Le poète projette sur les choses son angoisse, sa souffrance et son désarroi. Il voudrait, comme le fut Pharaon, être "englouti" pour ne plus souffrir. Cette atmosphère louche, réaliste, nocturne, assez inquiétante, entre rêve et réalité, n’est pas habituellement associée à l’évocation des sentiments amoureux. Ce parti pris fait toute la modernité du poème. 

La femme aimée est évoquée de façon négative : remarquer l'assonnance en "ou" voyou/amour qui l'assimile à un voyou et traduit la rancoeur du poète, le sentiment d'avoir été volé, trahi, comme par un mauvais garçon et le sentiment de honte qui en découle... la femme qui lui ressemble porte une cicatrice (idée de violence), elle est saoule (pensez au titre du Recueil "Alcools"), elle sort d’un mauvais lieu, d’une taverne et son regard est  bestial, "inhumain". La femme qu’il a aimée et qu’il aime encore est comparée à une fille des rues.

En réalité, le poète éprouve des sentiments ambivalents : "Pour son baiser les rois du monde, pour elle seraient morts les pauvres fameux pour elles eussent vendu leur âme." : il ne peut s'empêcher de continuer à aimer et à porter aux nues celle par laquelle il se sent trahi.

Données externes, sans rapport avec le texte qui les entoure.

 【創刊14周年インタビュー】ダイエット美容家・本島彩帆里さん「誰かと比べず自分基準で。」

Guillaume Apollinaire  fait allusion au passage de la Mer Rouge et passe du "discours" au "récit" ; il se compare à Pharaon et le mauvais garçon « qui ressemble à son amour » aux Hébreux. Il songe avec tristesse aux « femmes fidèles », à Pénélope, à Sacontale "caressant sa gazelle mâle",  substitut de son "époux royal".  Il y a donc un contraste entre un registre « noble » fait d’allusions bibliques et mythologiques et un registre réaliste et trivial qui fait penser à un  « collage » cubiste et préfigure le surréalisme (le terme a d'ailleurs été inventé par Guillaume Apollinaire).

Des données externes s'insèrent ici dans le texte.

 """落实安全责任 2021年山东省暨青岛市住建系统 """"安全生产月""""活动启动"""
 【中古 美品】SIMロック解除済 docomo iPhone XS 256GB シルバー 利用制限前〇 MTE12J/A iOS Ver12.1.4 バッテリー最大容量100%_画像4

2) L’échec de l’amour et la « renaissance » :

Le poème évoque l’échec amoureux et la désillusion : « la fausseté de l’amour même », « le faux amour », « me rendirent si malheureux », les regrets « regrets sur quoi l’enfer se fonde », mais aussi le désir d'oublier : "Mon beau navire ô ma mémoire...", et de congédier les regrets : « revienne le soleil de Pâques », - "Pâques" (en hébreu Pessa'h = "passage") est la  commémoration dans le judaïsme du passage de la Mer Rouge et de la libération du peuple juif  du "joug de la servitude" en Egypte et, dans le christianisme,  de la Résurrection du Christ, de sa victoire sur la mort.  Ces deux fêtes (joyeuses), Pessa'h et Pâques ont lieu au Printemps.

« Adieu faux amour confondu… »  : le poète se résout à la perte de la femme aimée et aspire à un nouvel amour.

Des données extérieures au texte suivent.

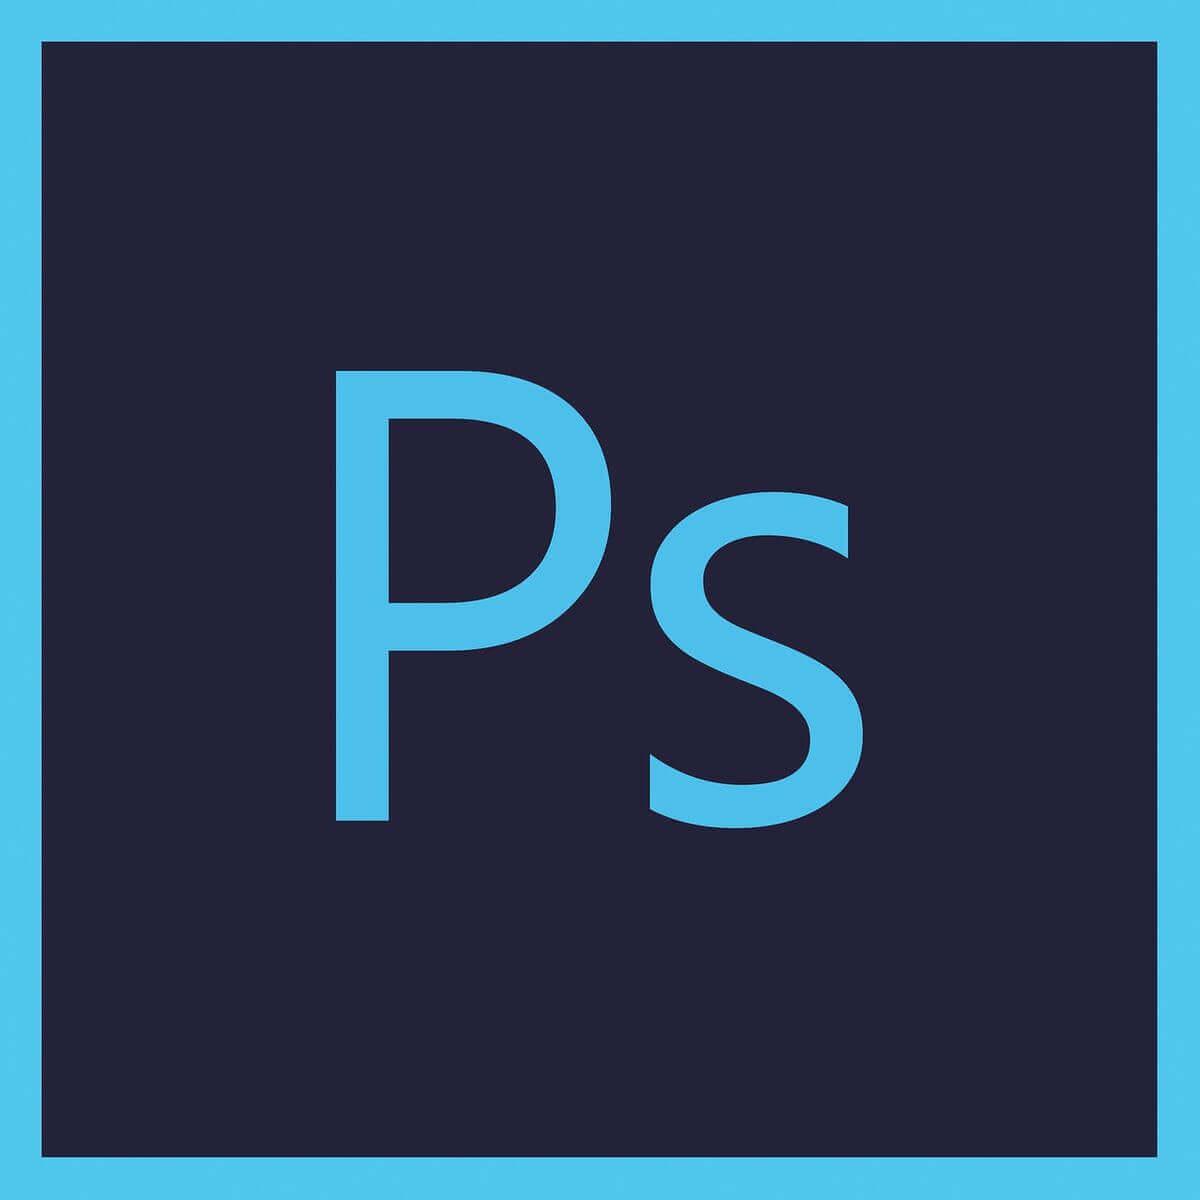 Cómo reparar el error de comprobación de seguridad del kernel en Photoshop

L’avant dernier quintile reprend le thème biblique de la Terre Promise - on peut parler ici d'isotopie (« Chanaan ») dans une vision onirique, à la fois cosmique, aquatique, enivrée et sensuelle. Le poète établit une série d'associations (irradiations) entre la voie lactée ("voie lactée" = galaxie", du grec "gala", "lait"), le pays de Canaan ("là où coule le lait et le miel"), la blancheur  laiteuse des corps féminins et l'idée que le destin humain (heureux ou malheureux) est soumis au décret des étoiles.

Le dernier vers évoque le renouveau printanier (« un jour d’avril ») après les brouillards de l’automne et les étangs glacés de l'hiver ; le poème se clôt sur une note optimiste et joyeuse ("J’ai chanté ma joie bien-aimée") et fait retour à la dédicace à Paul Léautaud (le thème du phénix qui renaît de ses cendres). 

Conclusion :

L’expression de l’échec amoureux, qui est une constante dans l’œuvre d’Apollinaire, se traduit par un lyrisme neuf et personnel. "Le Mal-Aimé, ce héros que nous suivons à travers le temps et l'espace sous le flux et le reflux éternel de la Voie lactée est, lui aussi, un héros exceptionnel. Il n'est pas simplement cet alter ego que nous sommes accoutumés de trouver dans les poèmes lyriques : un homme comme nous le sommes tous, mais qui a le droit et le privilège de souffrir pour nous. Il n'est pas nous et ne cherche pas du tout à nous rejoindre. Nous avons affaire plutôt à une sorte de Merlin ou à un nouveau Juif errant." (Lockerbie)

Le Mal-Aimé (qui fut sans doute aussi ou plutôt un "Mal-Aimant") est à la fois exceptionnel et ordinaire. Assez ordinaire pour que le lecteur puisse s'identifier à lui, assez exceptionnel pour qu'il accepte de se laisser entraîner dans la blancheur enivrante de  la Voie lactée.